→ **Instructions for the task**
Pictures aside, please retype the whole listing word for word.

→ **Raw data**
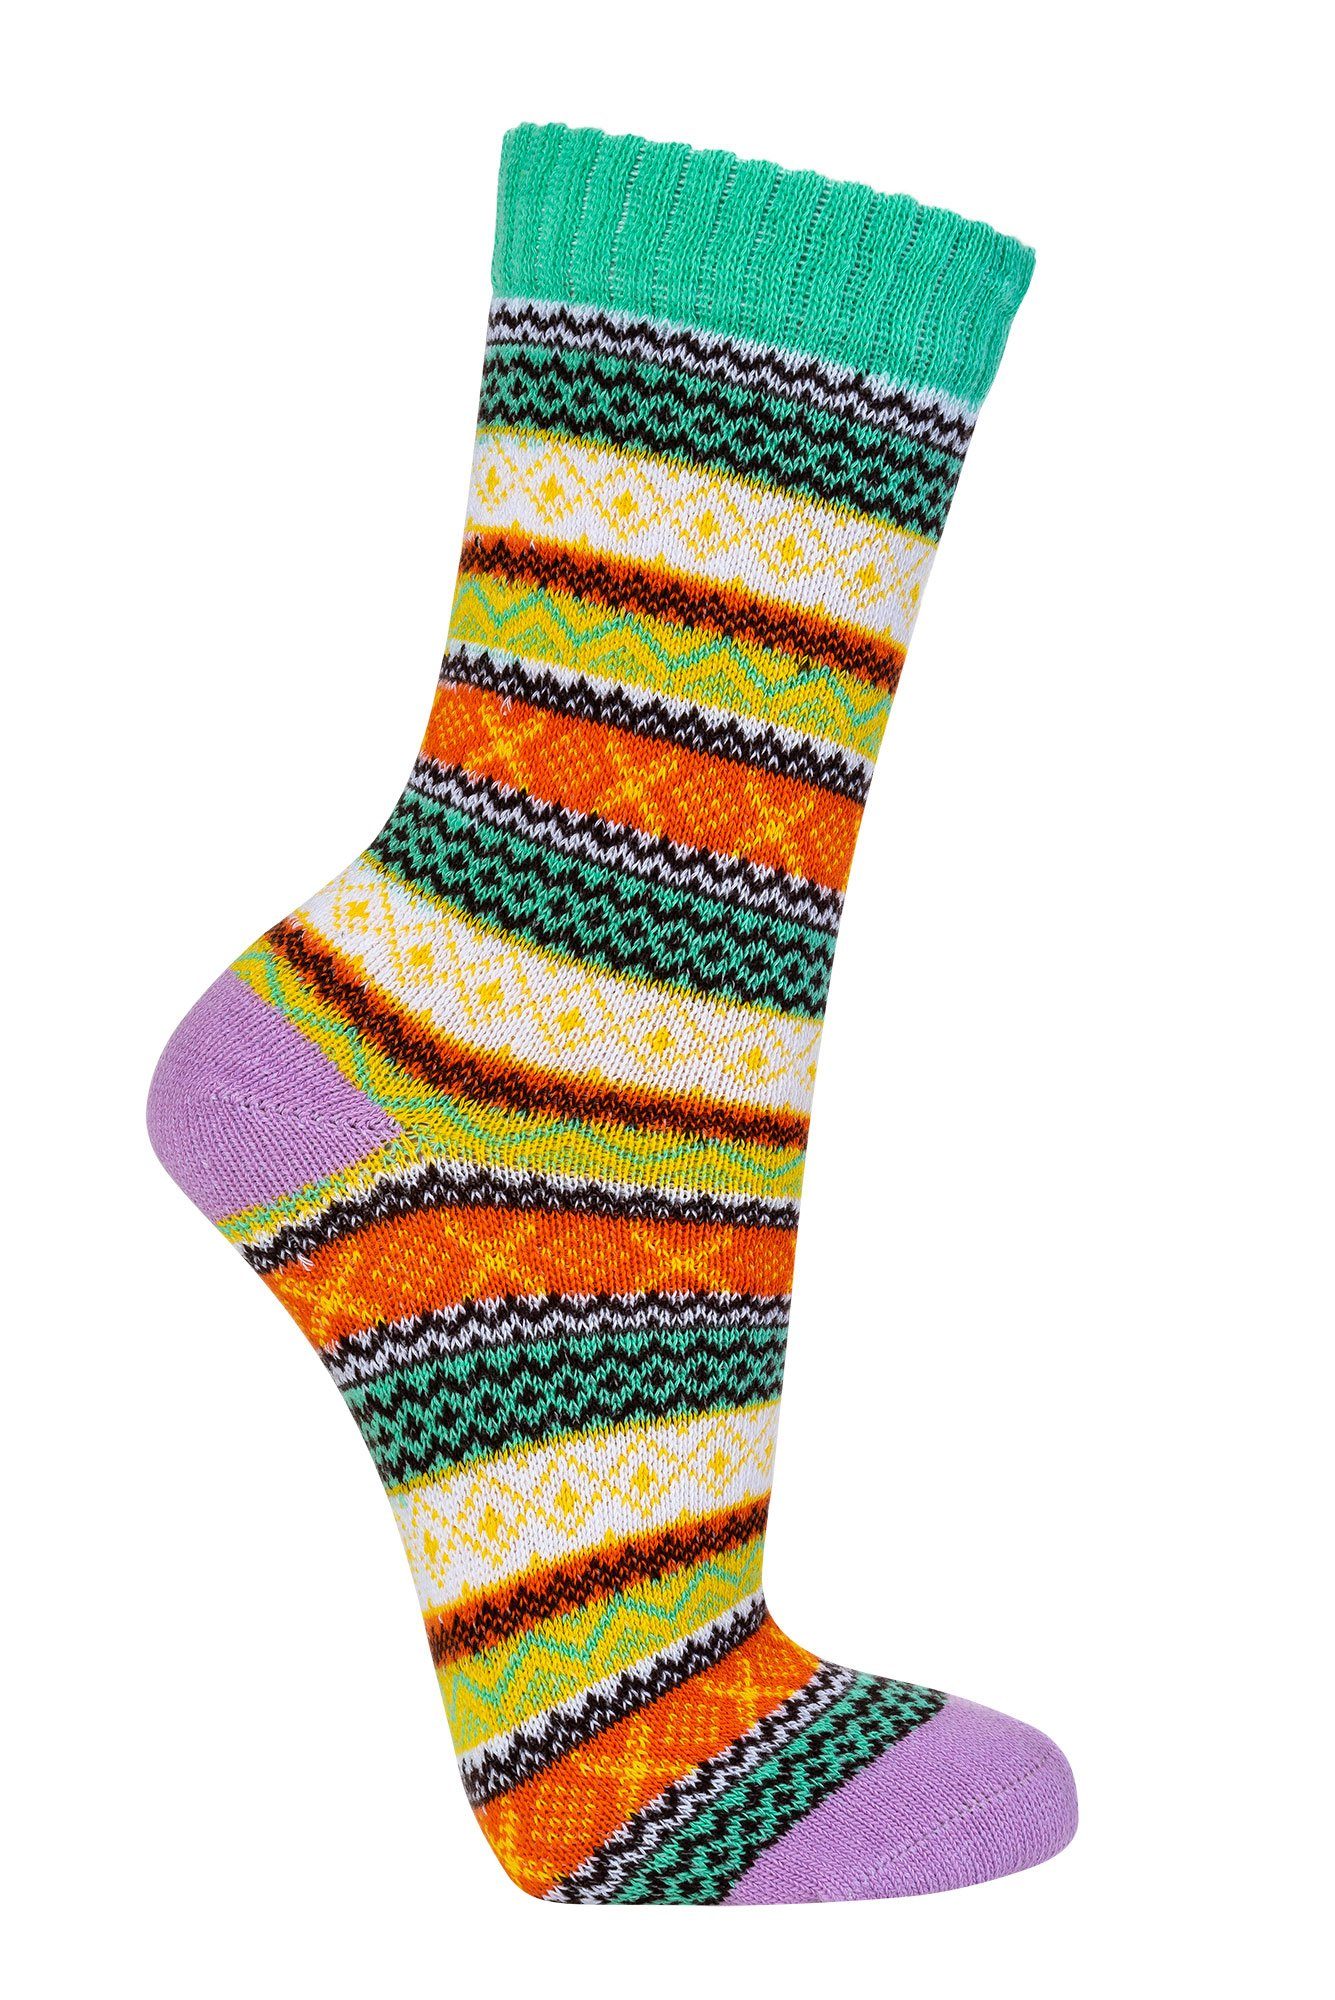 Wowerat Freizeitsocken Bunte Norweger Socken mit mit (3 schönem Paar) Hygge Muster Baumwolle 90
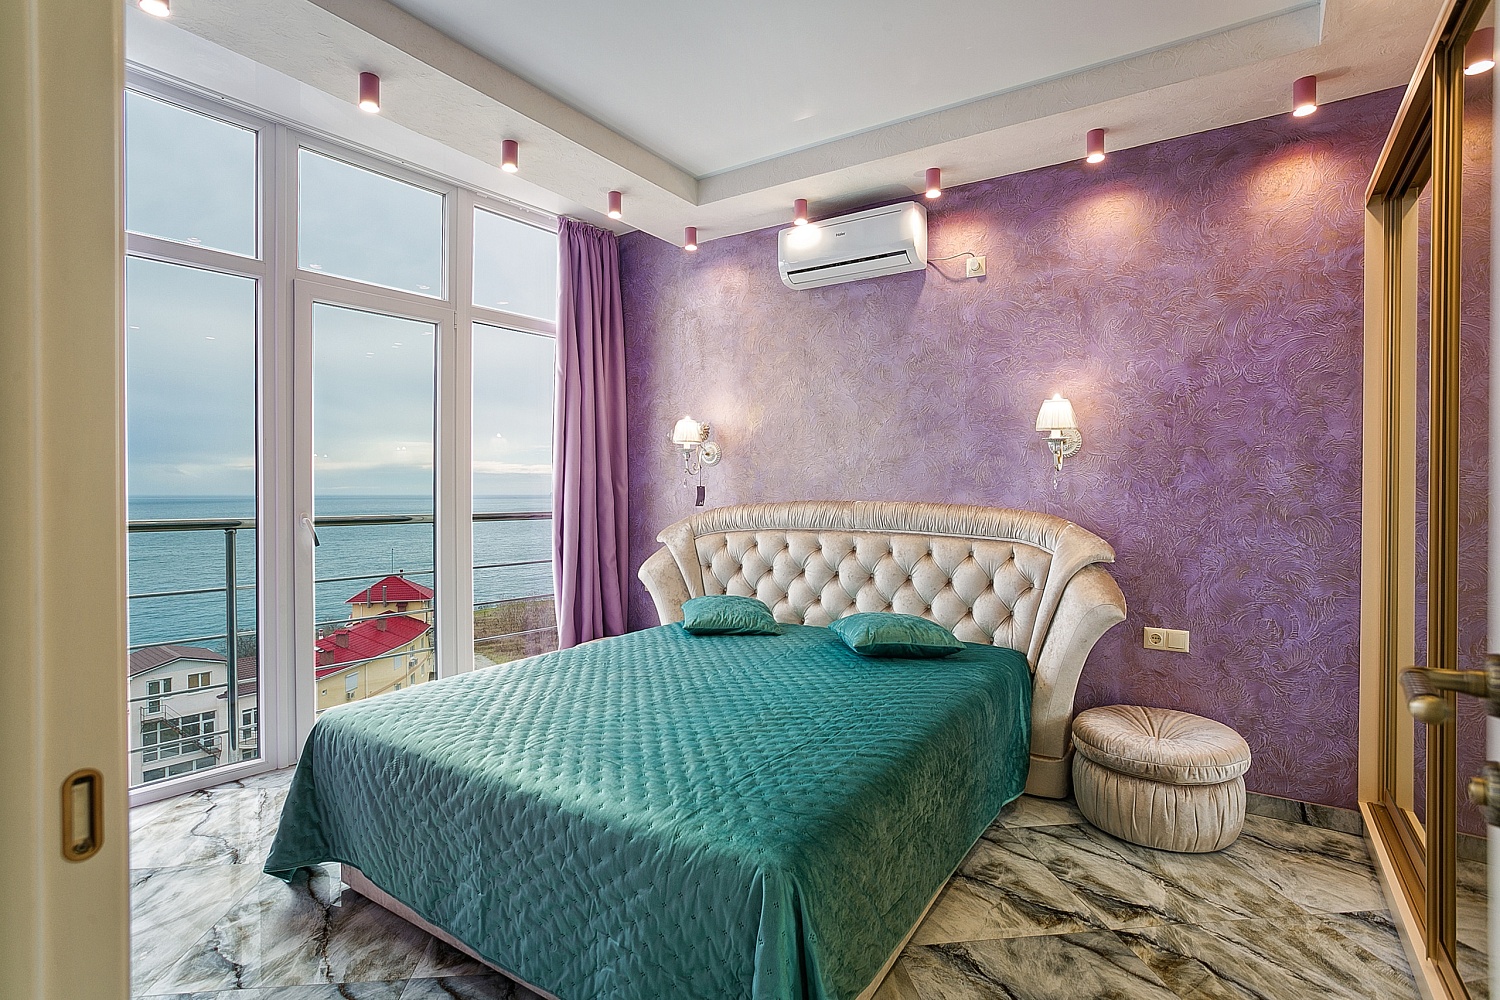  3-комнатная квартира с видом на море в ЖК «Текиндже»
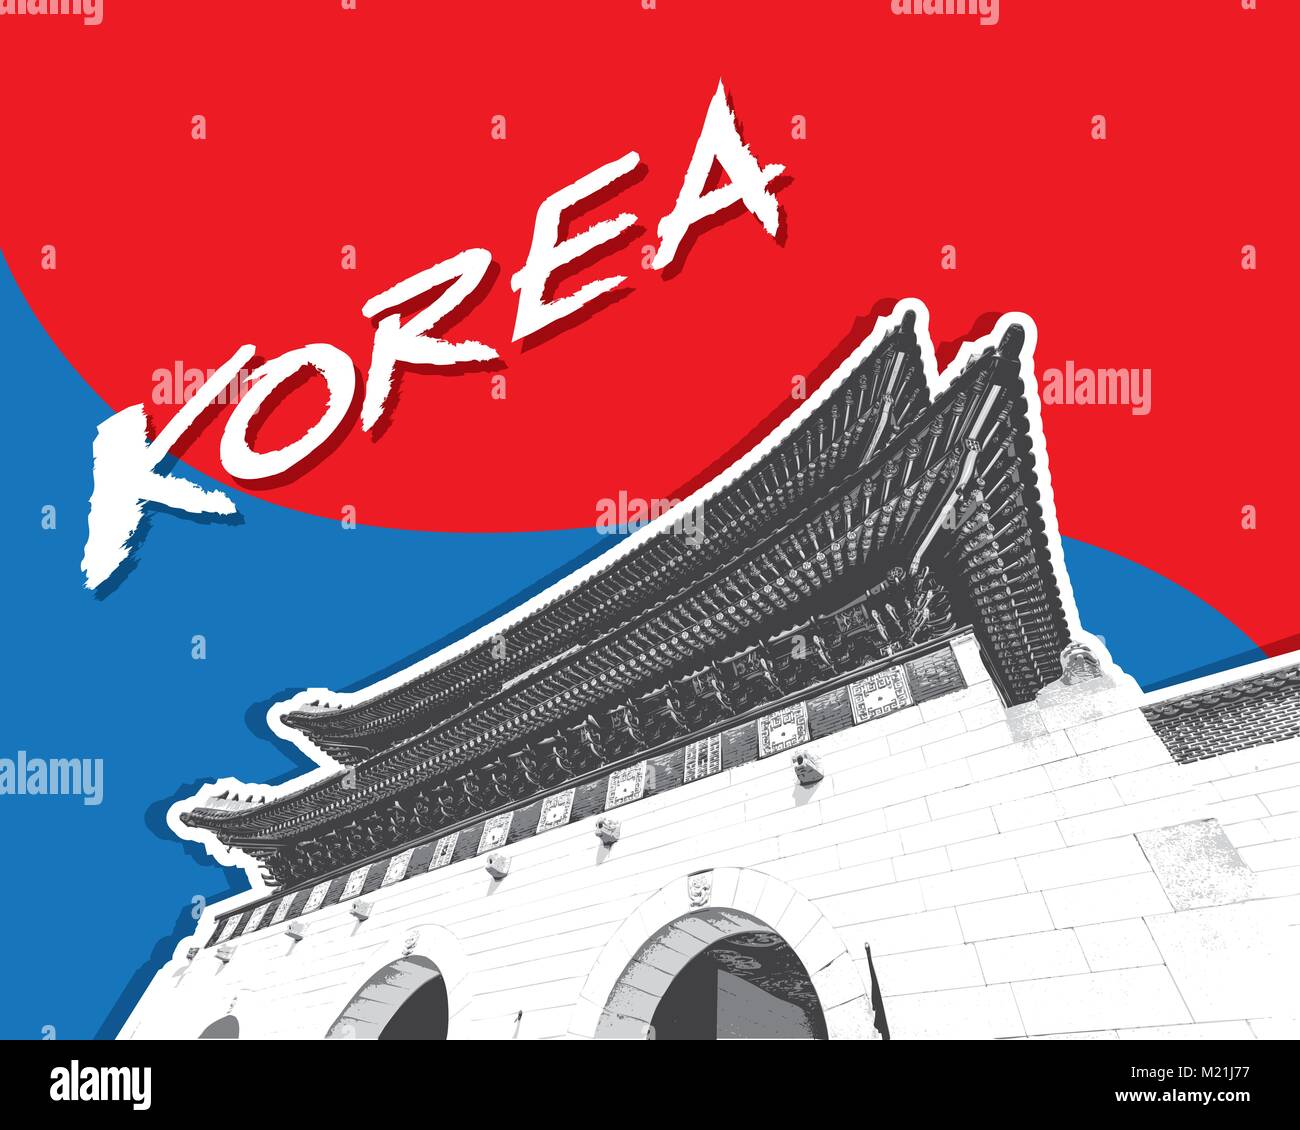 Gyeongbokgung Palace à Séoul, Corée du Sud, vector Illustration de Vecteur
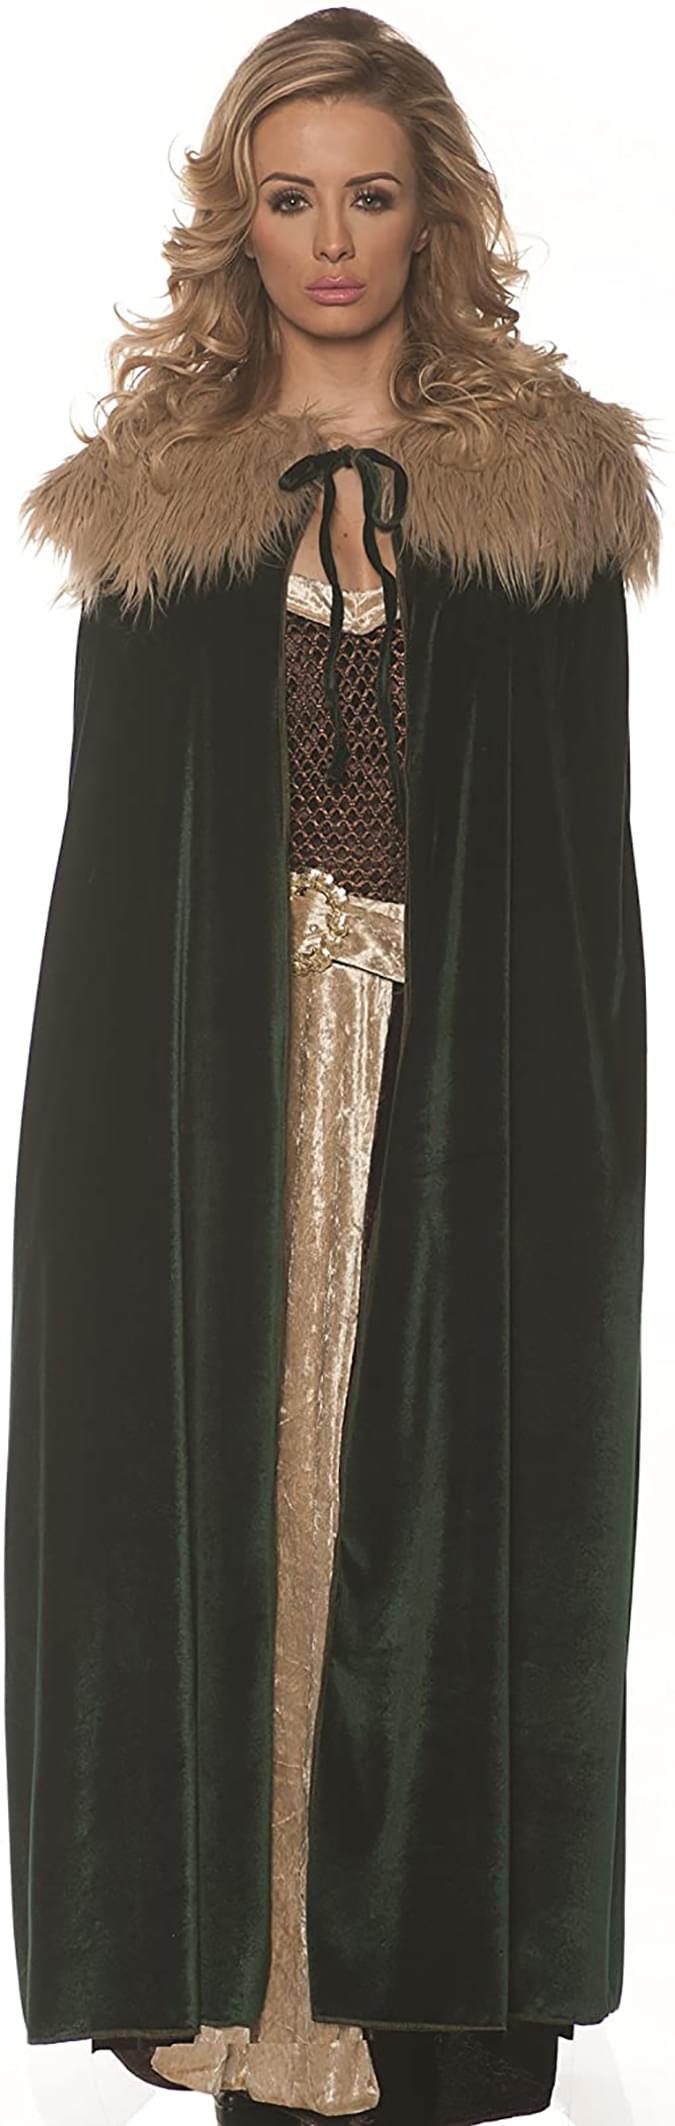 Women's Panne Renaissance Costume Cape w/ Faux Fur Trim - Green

→ **Answer space**
 Wowerat Freizeitsocken Bunte Norweger Socken mit mit (3 schönem Paar) Hygge Muster Baumwolle 90
  3-комнатная квартира с видом на море в ЖК «Текиндже»
 Gyeongbokgung Palace à Séoul, Corée du Sud, vector Illustration de Vecteur
 Women's Panne Renaissance Costume Cape w/ Faux Fur Trim - Green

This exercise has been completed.